What were we doing in those early days? We pitched our whole lives to following and catching creatures themselves headed for death. Part of me died too along the way. I had a miscarriage in the skiff one terrible day—and after going ashore to clean up and change, I went back out, back out into the boat to work into the dark. Because the men asked me to; they needed me and I could not say no, though a life had just been lost. It felt like my own life that night. Then the nights of driving a nearly swamped skiff around the island in the pitch dark near a reef I couldn’t see; the week I took Duncan’s place in the skiff, my breasts leaking milk while I battled the fall storms; the days of fishing until I could no longer stand but I wasn’t allowed to sit, and we were crazy, all of us, arms going numb at night, hands unable to hold a cup, jumping from a pitching skiff onto a rock, the fierce shouting, my own voice lost, my pen stilled, my eyes long past tears.

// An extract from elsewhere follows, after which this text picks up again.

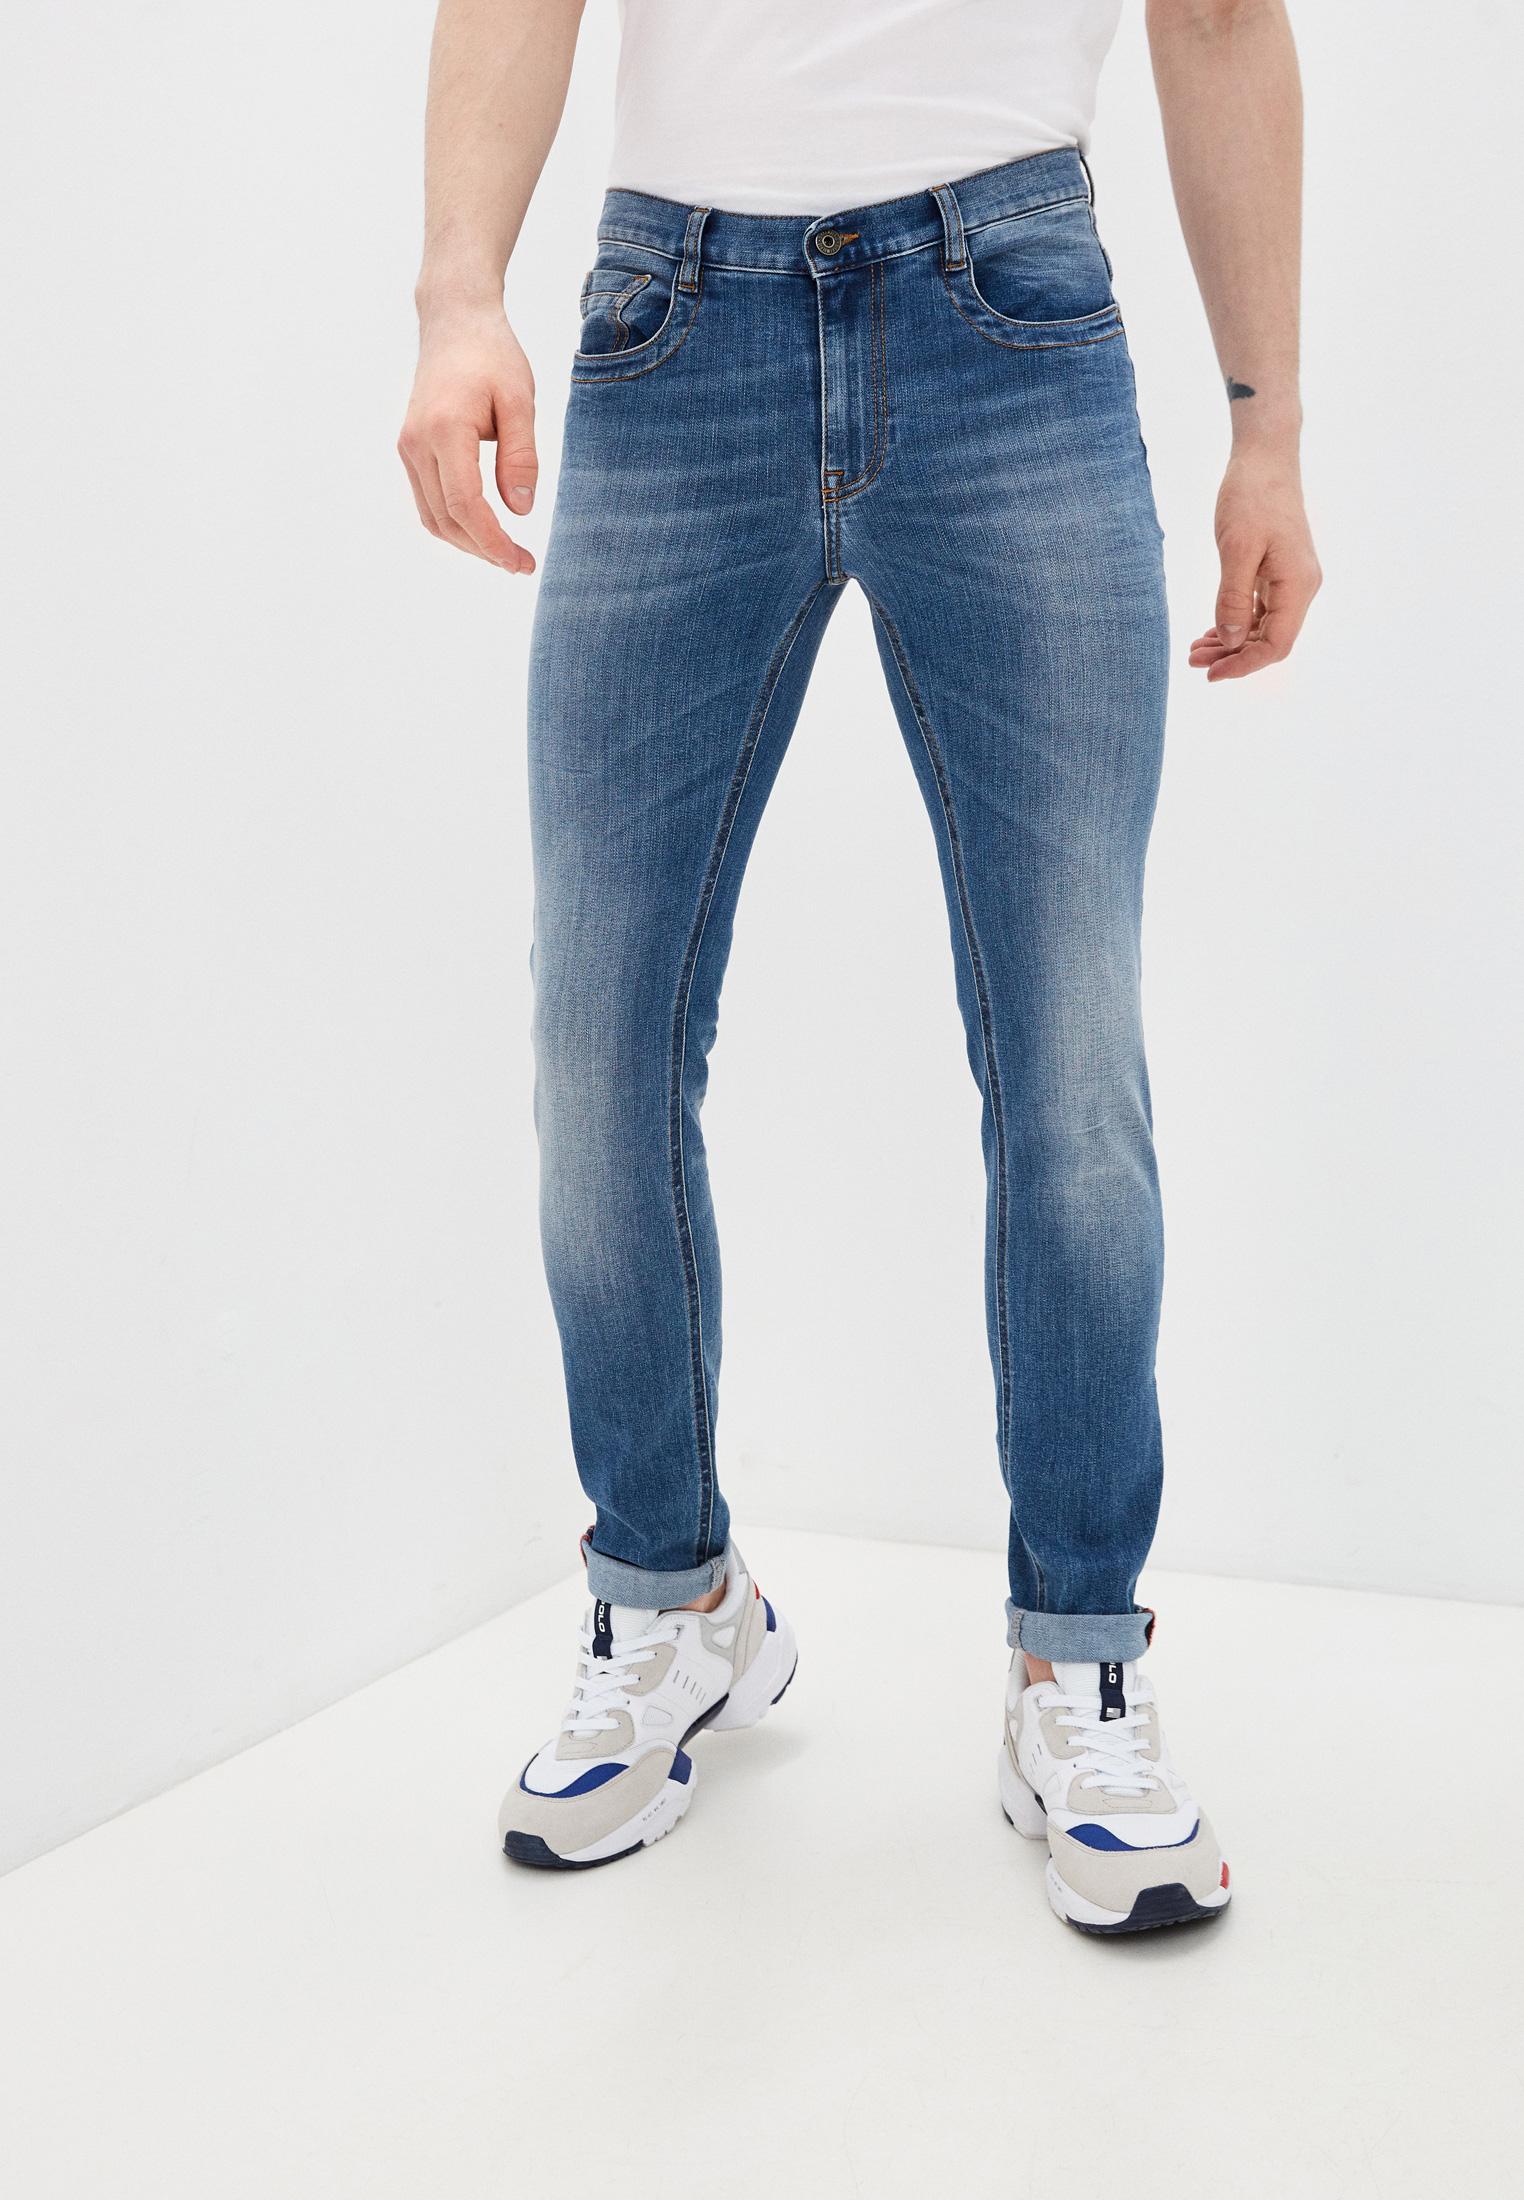 Мужские зауженные джинсы Bikkembergs (Биккембергс) C Q 101 00 S 3181: изображение 6

Who could write or speak about this? Who would believe it? Until finally I did it, what I’m doing now—I walked away. Without a boat or a plane, there was no escape from this island, except at the lowest tide, when a spit of land emerged, connecting to a larger island. It was all wilderness, but there was a driftwood shack four miles down that beach, too decrepit for habitation. But not for a runaway. With a gun over my shoulder for bears, a backpack with food, a sleeping bag, and matches for a fire, I left the island, never wanting to return.